Plum puddings were dangling from under the pantry shelf by the tails of their boiling cloths. A month ago we had all sat round the breakfast-room table, stoning raisins while someone read a story aloud. Everyone had given the pudding a good-luck stir before it went into the bowls and was tied down and boiled for hours in the copper wash-boiler while spicy smells ran all over the house. On Christmas Day the biggest pudding came out for a final boil before being brought to the table with brandy fire leaping up its sides from the dish, and with a sprig of holly scorching and crackling on its top.

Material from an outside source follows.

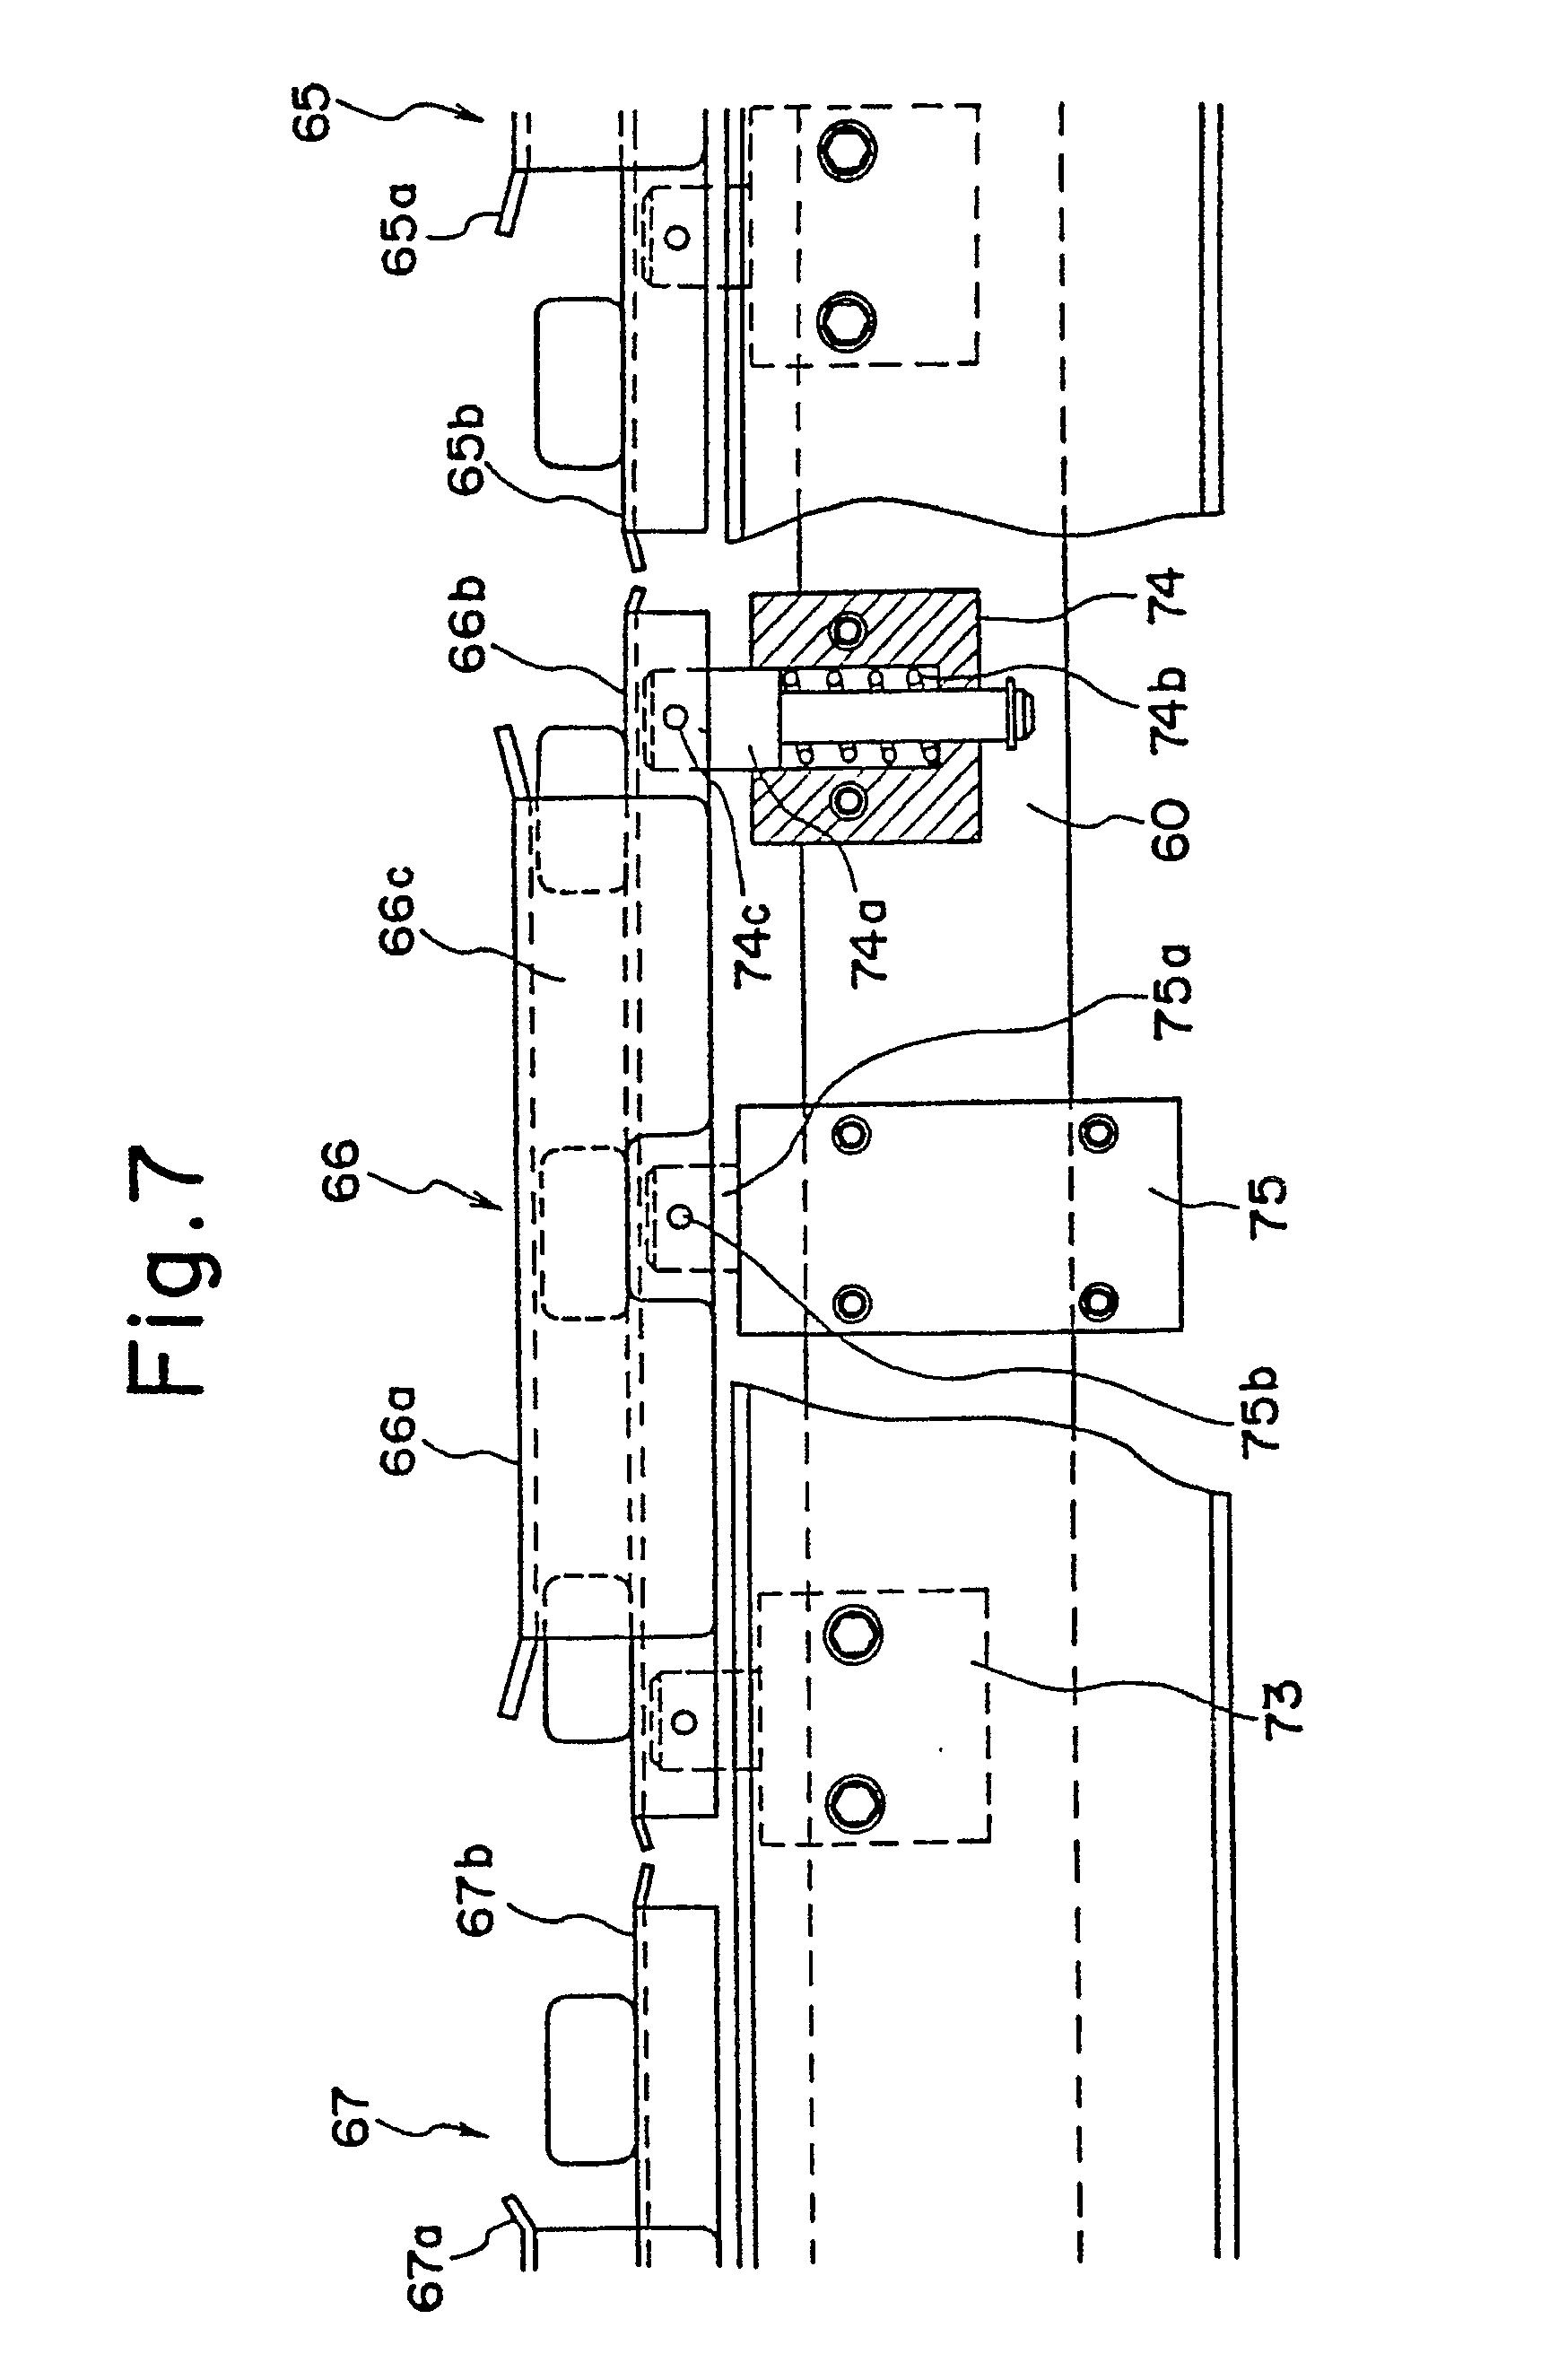 专利ep0174161b1 - wrapping machine - google 专利

Christmas Eve Father took us into town to see the shops lit up. Every lamp post had a fir tree tied to it—not corpsy old trees but
fresh cut firs. Victoria streets were dark; this made the shops look all the brighter. Windows were decorated with mock snow made of cotton wool and diamond dust. Drygoods shops did not have much that was Christmassy to display except red flannel and rabbit fur baby coats and muffs and tippets. Chemists had immense globes of red, green and blue medicine hanging from brass chains in their shop windows. I wished some of us could be sick enough for Dr. Helmcken to prescribe one of the splendid globes for us. The chemists also showed coloured soap and fancy perfume in bottles. Castor oil in hideous blue bottles peered from behind nice Christmas things and threw out hints about over-eating and stomach-ache. A horrid woman once told my mother that she let her children eat everything they wanted on Christmas Day and finished them up with a big dose of castor oil. Mr. Hibben, the stationer, was nicer than that woman and the chemist. He hid all the school books behind story books left open at the best pictures. He had “Merry Christmas” in cotton wool on red cardboard in his window.

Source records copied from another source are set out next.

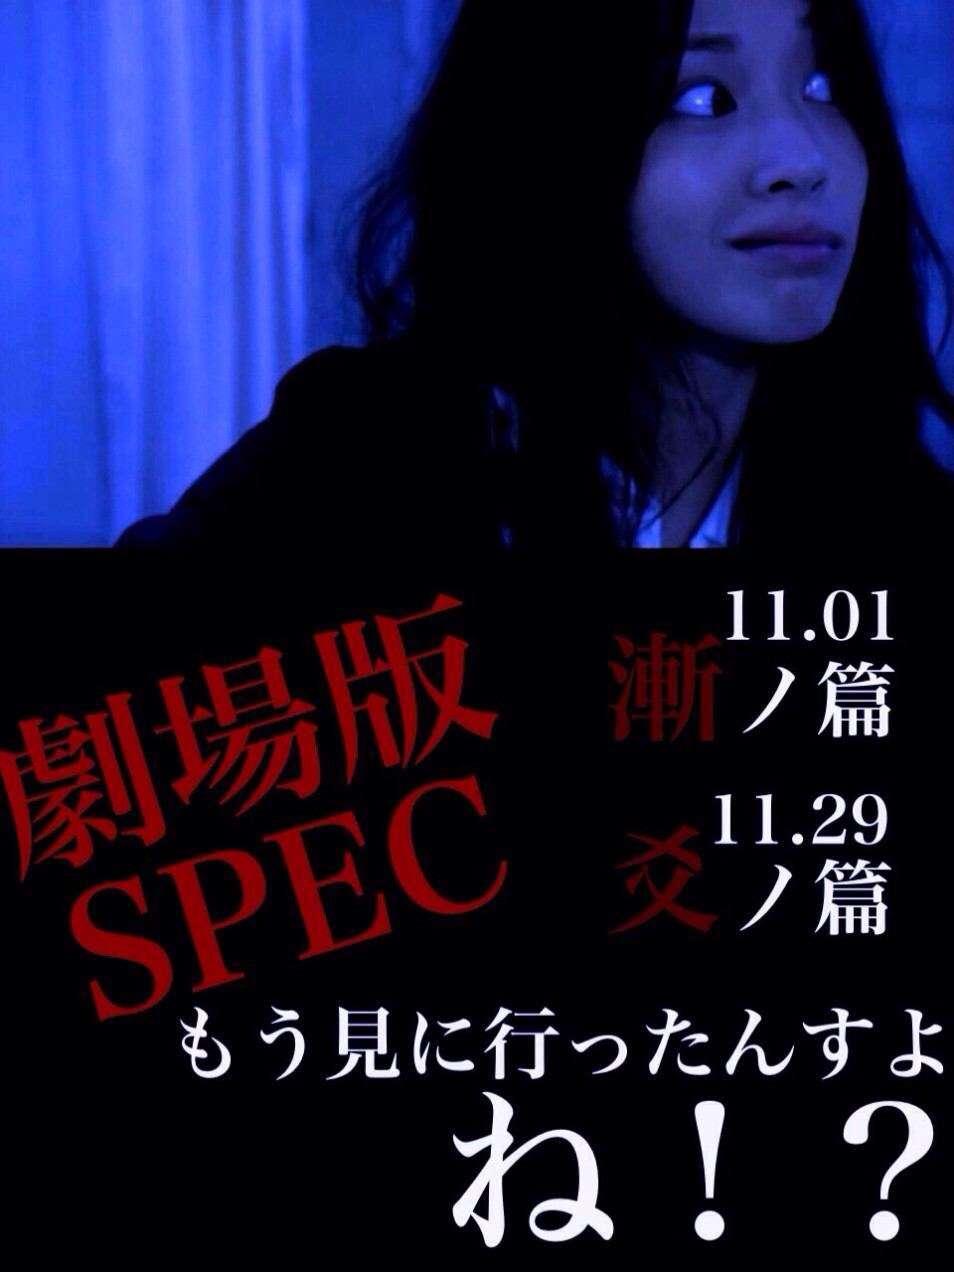 【映画】「SPEC結」公開9日間で100万人突破!前作「天」超えるハイペース
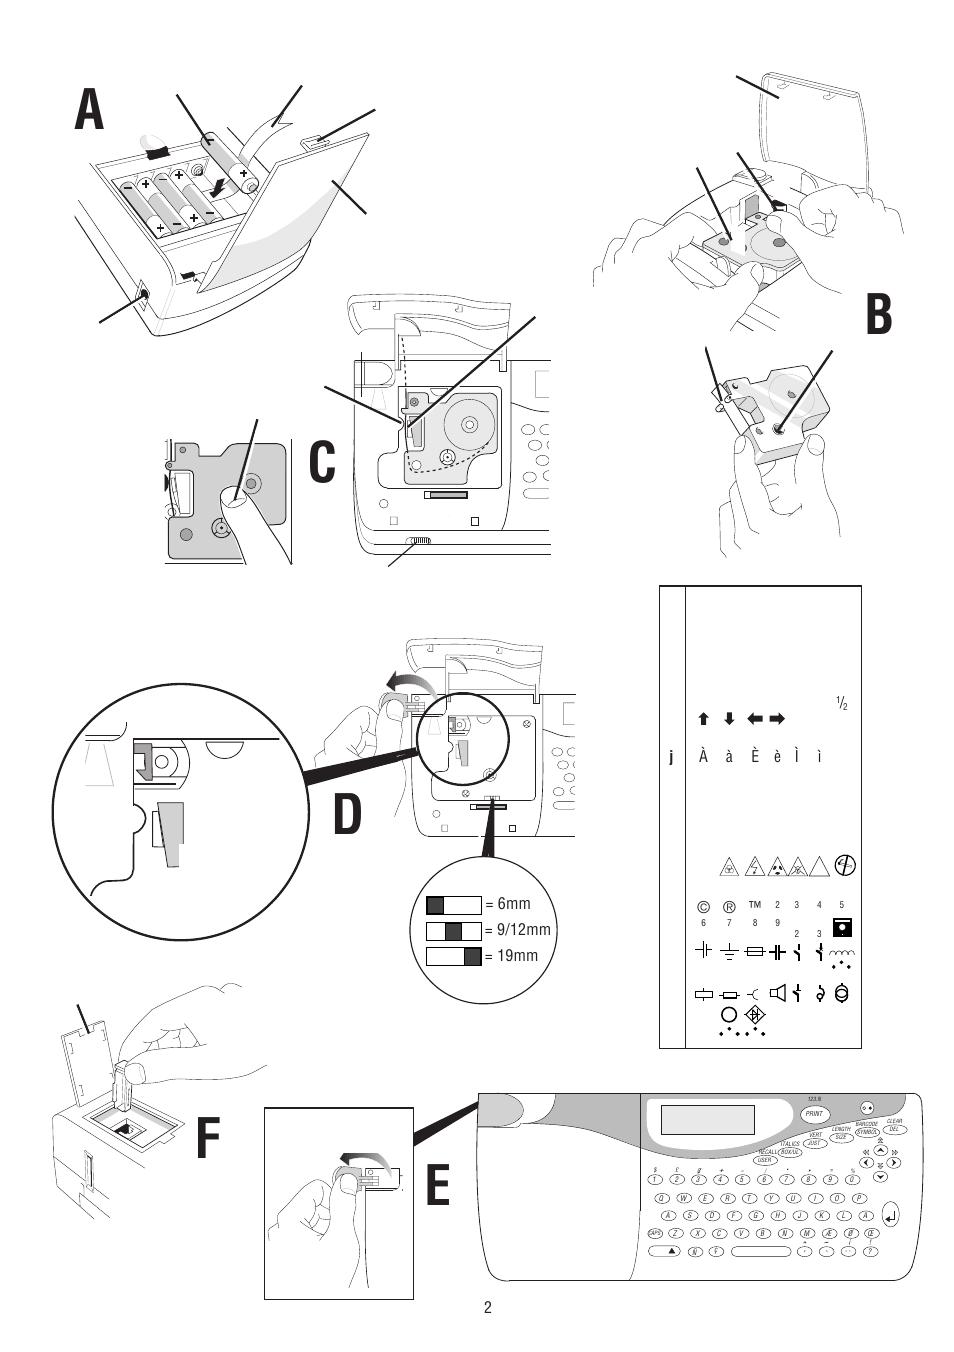 jd 111 wiring diagram
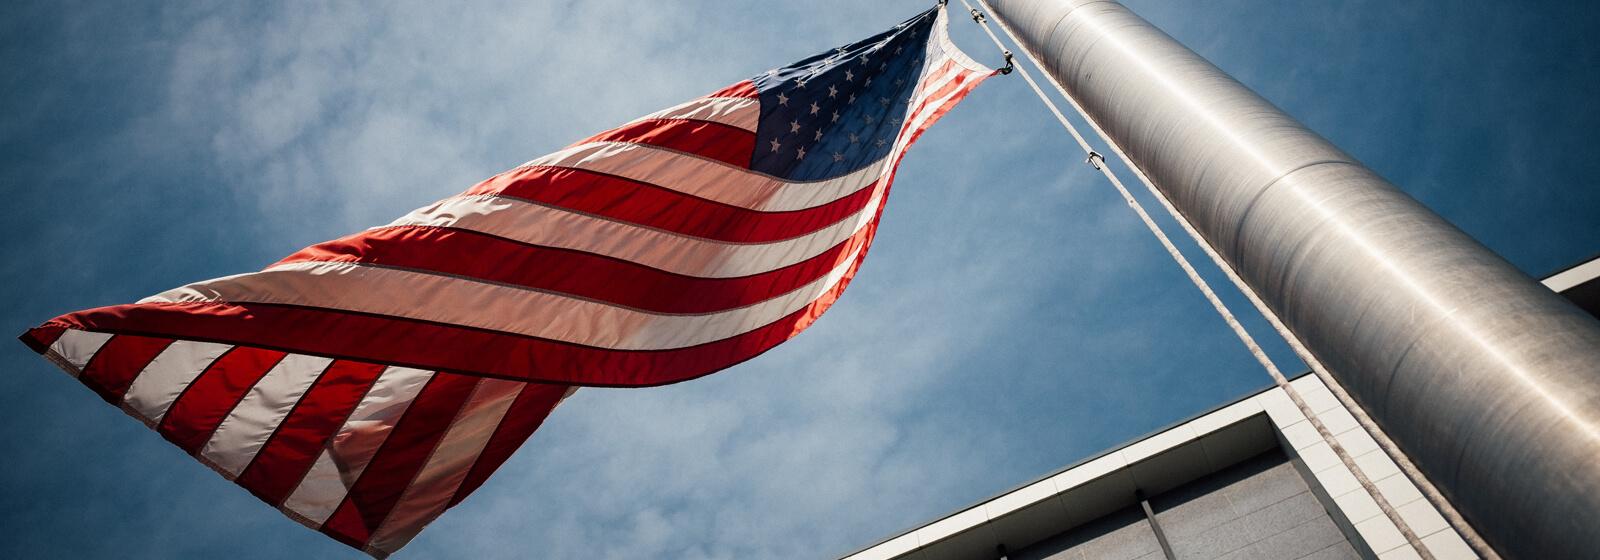 Flag image slide

It was the food shops that Merry Christmassed the hardest. In Mr. Saunders's, the grocer's, window was a real Santa Claus grinding coffee. The wheel was bigger than he was. He had a long beard and moved his hands and his head. As the wheel went round the coffee beans went in, got ground and came out, smell and all. In the window all round Santa were bonbons, cluster raisins, nuts and candied fruit, besides long walking-sticks made of peppermint candy. Next to this splendid window came Goodacre's horrible butcher shop—everything in it dead and naked. Dead geese and turkeys waggled, head down; dead beeves, calves and pigs straddled between immense meat hooks on the walls; naked sheep had bunches of coloured paper where their heads ought to have been
and flowers and squiggles carved in the fat of their backs. Creatures that still had their heads on stared out of eyes like poached eggs when the white has run over the yolk. Baby pigs looked worst of all—pink and naked as bathing babies, their cheeks drawn back to make them smile at the red apples which had been forced into their toothless, sucking mouths. The shop floor was strewn deep in sawdust to catch blood drips. You heard no footsteps in the shop, only the sharpening of knives, sawing of bones, and bump, bump of the scale. Everybody was examining meat and saying, “Compliments of the Season”to everyone else, Father saying, “Fine display, Goodacre, very fine indeed!” We children rushed out and went back to Santa while Father chose his meat.